The Society of Jesus (the Jesuits) was founded in 1540. A decade after England split from the Catholics. Yet “The Attack” makes it look like the Jesuits came first—and Henry rejected them, the Pope, and their authority, for good doctrinal reasons. Not because he wanted to shtup Anne.

Yes, the Jesuits were founded in part to counter Protestants and defend Catholic interpretations of the bible. But they do believe the bible is inspired by the Holy Spirit. Where they disagree with Protestants (and Chick) is they disagree Protestant tradition, theology, philosophy, and interpretation is more valid than Catholic tradition, theology, philosophy, and interpretation.

Protestants like to claim the Catholics put their tradition above the scriptures. We fail to recognize we do the very same thing. We all do. We all have our favorite lenses we use to look at the bible.

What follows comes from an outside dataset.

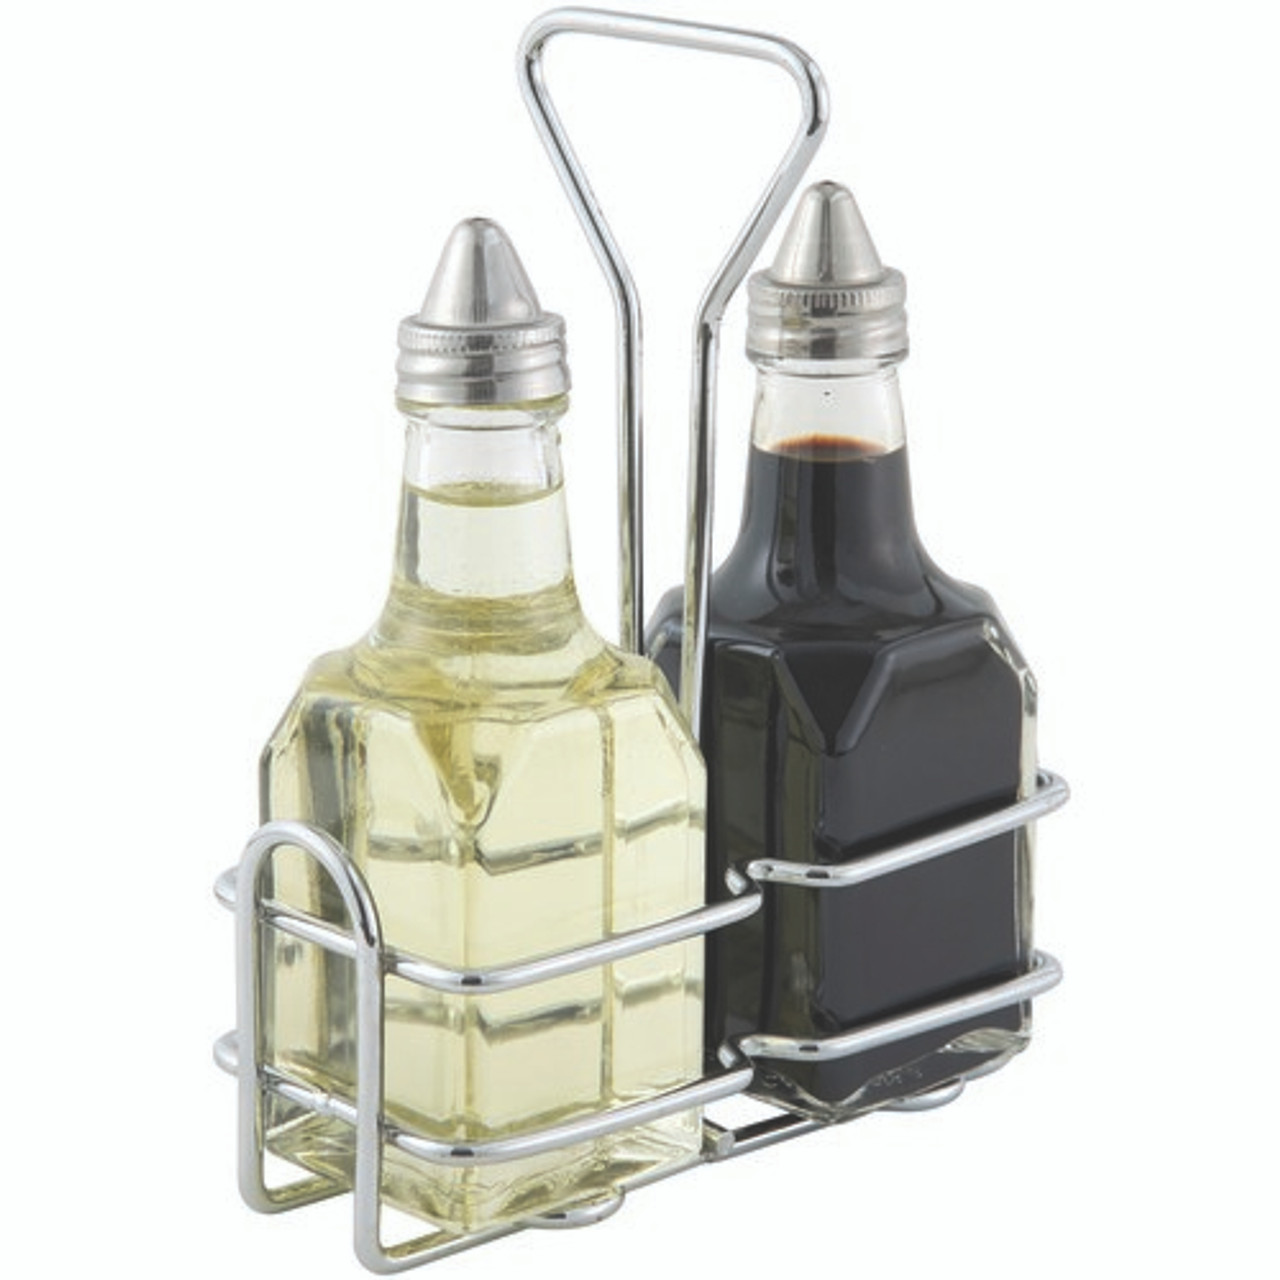 Oil & Vinegar Set, includes: (2) 6 oz. square glass cruets with lids (G-104), (1) square chrome plated wire holder

Chick then put together a very selective timeline to make it look like the Jesuits fought a war with England over Protestantism and truth. Attack 13

  1. The English church established.
  2. Jesuits established.
  3. The Council of Trent, “formed to crush Protestantism.”
  4. Henry’s eldest daughter, Mary, takes the English throne and reinstates Catholicism.
  5. Henry’s second daughter, Elizabeth, takes the throne and reinstates the English church.
  6. The Scottish Reformation. Chick claims the Scots “join Protestant England.”
  7. The Spanish Armada, sent to “destroy Protestant England.” Really, to stop English piracy and English interference with the Spanish Netherlands.
  8. Elizabeth’s successor, her cousin James, authorizes the KJV.
  9. The Gunpowder Plot: Catholic conspirators try and fail to blow up James and Parliament.

Chick actually mentioned, briefly, the only outbreak of real Protestantism in the British Isles: The Scottish Reformation.

This was years before the United Kingdom. Scotland was a separate nation. During the English Reformation, the Scots took advantage of the absence of their teenage Queen Mary, and underwent a civil war between its Protestant and Catholic nobles. The Protestants seized their Parliament in 1560, established the Church of Scotland, and made the nation Calvinist. From its practice of putting presbyters (or elders) in charge of their churches, we usually call it Presbyterianism. And to keep the nation Presbyterian, in 1567 they deposed the still-Catholic Mary, and set up her infant son James as king.

This isn’t some history you just skip. Y’see, this King James 6 of Scotland was also the great-grandson of Henry 7 of England; the first cousin once removed of Queen Elizabeth. He later succeeded Elizabeth in 1603, and simultaneously became King James 1 of England. He’s the King James of the King James Version.

Much of the reason James authorized the KJV has to do with Scotland’s official bible: The 1560 Geneva Bible, named for the city where it was translated. It wasn’t just a bible, but a study bible: Introductions to each book. Commentary. Maps. Cross-references. Indexes. Illustrations. Verse numbers (the first bible to use ’em). And affordable.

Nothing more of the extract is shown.